# vanuatu herp population?



## serpaint (Nov 22, 2009)

I am leaving for Vanuatu in 8 days with my lovely fiancee to get married.
We are both cleaning out our cameras and searching the net for info on local snakes, frogs,lizards etc to photograph. So far seems a little lacking in details of what to expect so I was wondering, has anyone been there or lived there and seen what is available to photograph? 
So far most stuff from google or wild planet says large boas, small burrowing snakes (but no details) and numerous frogs and lizards. (again with no further info) but Giant yet harmless Spiders.
Also any others pics of Vanuatus locals or suggestions of net places to look would be great.


----------



## Snowman (Nov 23, 2009)

I went to Vanuatu last year. I was more interested in scuba diving than searching for herps though. However the only herps I did see were some turtles, a sea snake and on land tones of blue tailed skinks.


----------



## Snowman (Nov 23, 2009)

Some more Vanuatu pics... 
The one of my wife walking on water makes me smirk everytime I see it....


----------



## serpaint (Nov 23, 2009)

wow that looks so good, going for 3 weeks with digital slr and underwater digital camera of course.
such a beautiful looking place, can't wait.


----------



## Snowman (Nov 23, 2009)

I can't tell you how mad I was that I didn't take my underwater camera case! I meant to but forgot to pack it.... There's so many fish there... and if you dive down when snorkeling you'll see more than floating on the top as little fish come out of the coral and rocks to see whats going on as you invade thier domains...
Just make sure you have a polarised lens filter and you're set for some awesome water/beach pics.


----------



## serpaint (Nov 23, 2009)

I work as an artist and have a digital canon underwater cam. can come home and do a show of paintings from my pics and write the trip off aswell. yay


----------



## Snakester (Nov 23, 2009)

Vanuatu is awesome. Me and my gal just back from there two weeks ago, it was my second trip to the islands there. 

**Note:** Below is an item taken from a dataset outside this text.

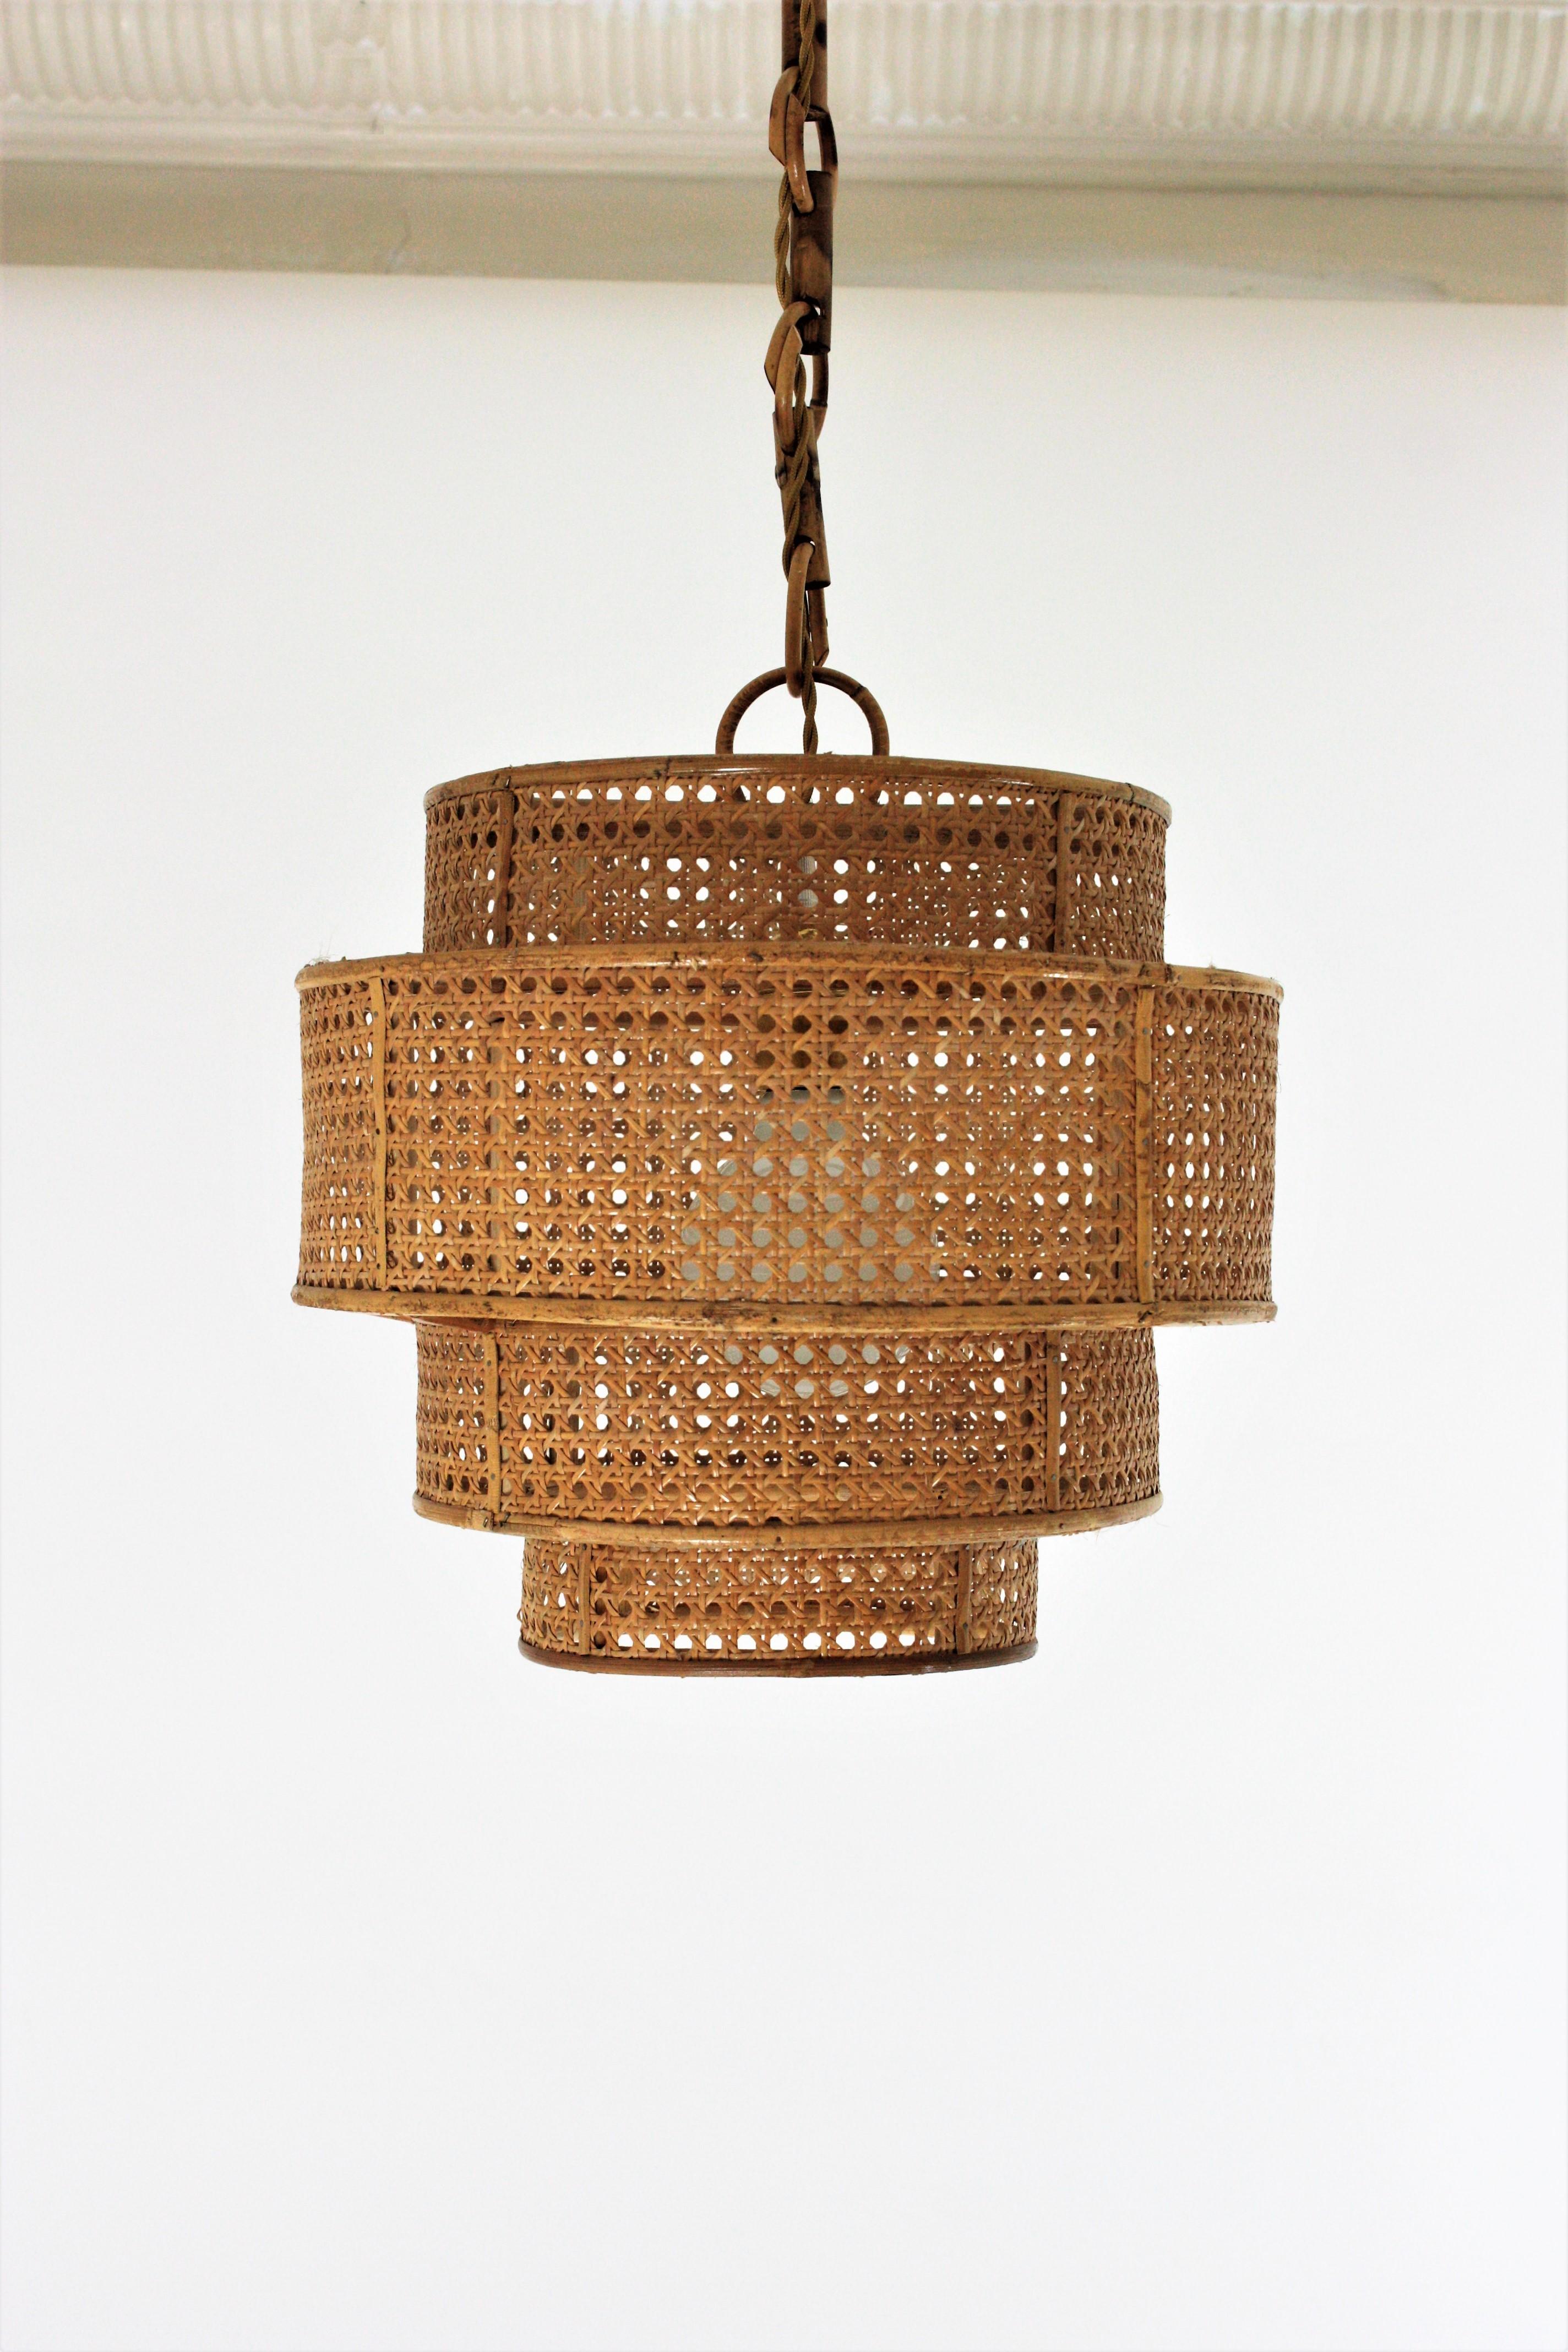  Rattan Wicker Weave Concentric Cylinder Pendant Hanging Light, 1960s For Sale 3

Not alot for herpers though. But you HAVE to go to the botanical gardens (i think its called the secret gardens now), anyway its near the village of Mele, along the coast road past hideaway island and just near the famous cascade waterfalls (which are a must).

Anihow the resident herps in the secret garden are a few stunning Banded Fijian Iguanas (Brachylophus fasciatus) (my fav agamid - which have been imported to Vanuatu and thrived) and a whole variety of Pacific ground boas (Candoia carinata paulsoni i think).

Blue tailed skinks are everywhere during the day, and the local geckos are everywhere at night !


----------



## Joshua VW (Nov 23, 2009)

I'm also going to Vanuatu, or more specifically Talua, for two weeks after Christmas.
I've been wondering what sort of wildlife you get over there. I'll definitely try to make it to the secret garden.
Can't wait to see your pictures, Serpaint.


----------



## Snakester (Nov 23, 2009)

I will throw some pics on here too as soon as i get a chance.


----------



## serpaint (Nov 23, 2009)

will do my best and will make a file of stuff here when I'm back.
thanks for that info people, that is exactly what we are looking for.


----------



## Snakester (Nov 23, 2009)

*Vanuatu herp & critter pics*

A few of our fav pics -

Lets start with Banded Iguanas and Pacific Ground Boas.


----------



## Snakester (Nov 23, 2009)

A friendly Gecko, a not so friendly Gecko, a Blue-Tailed Skink and a hermit crab.


----------



## Omgitschris (Nov 23, 2009)

wow, those beachs look amazing. wish i was there swimming


----------



## serpaint (Nov 23, 2009)

those look so cool snakester, we are just wandering around in circles counting the days, hours, minutes and nearly down to seconds but it keeps changing when we try to do the maths.


----------



## goannaman (Nov 27, 2009)

Anihow the resident herps in the secret garden are a few stunning Banded Fijian Iguanas (Brachylophus fasciatus) (my fav agamid - which have been imported to Vanuatu and thrived) 

Why do you say that a Banded fiji IGUANA is a Agamid?

Brachylophus ssp. I`s the only member of the iguanid family that lives outside The Americas.


----------



## chrisso81 (Nov 27, 2009)

*old pics*

This thread has a few pics of stuff I saw while I was there, Vanuatu is such a beautiful place, you'll love it! 
http://www.aussiepythons.com/forum/exotics-amphibians-and-other-herps-40/vanuatu-herps-68914


----------



## gonff (Dec 31, 2009)

i went a few years ago and caught my first wild snake! A pacific boa. none of there sakes are venemous


----------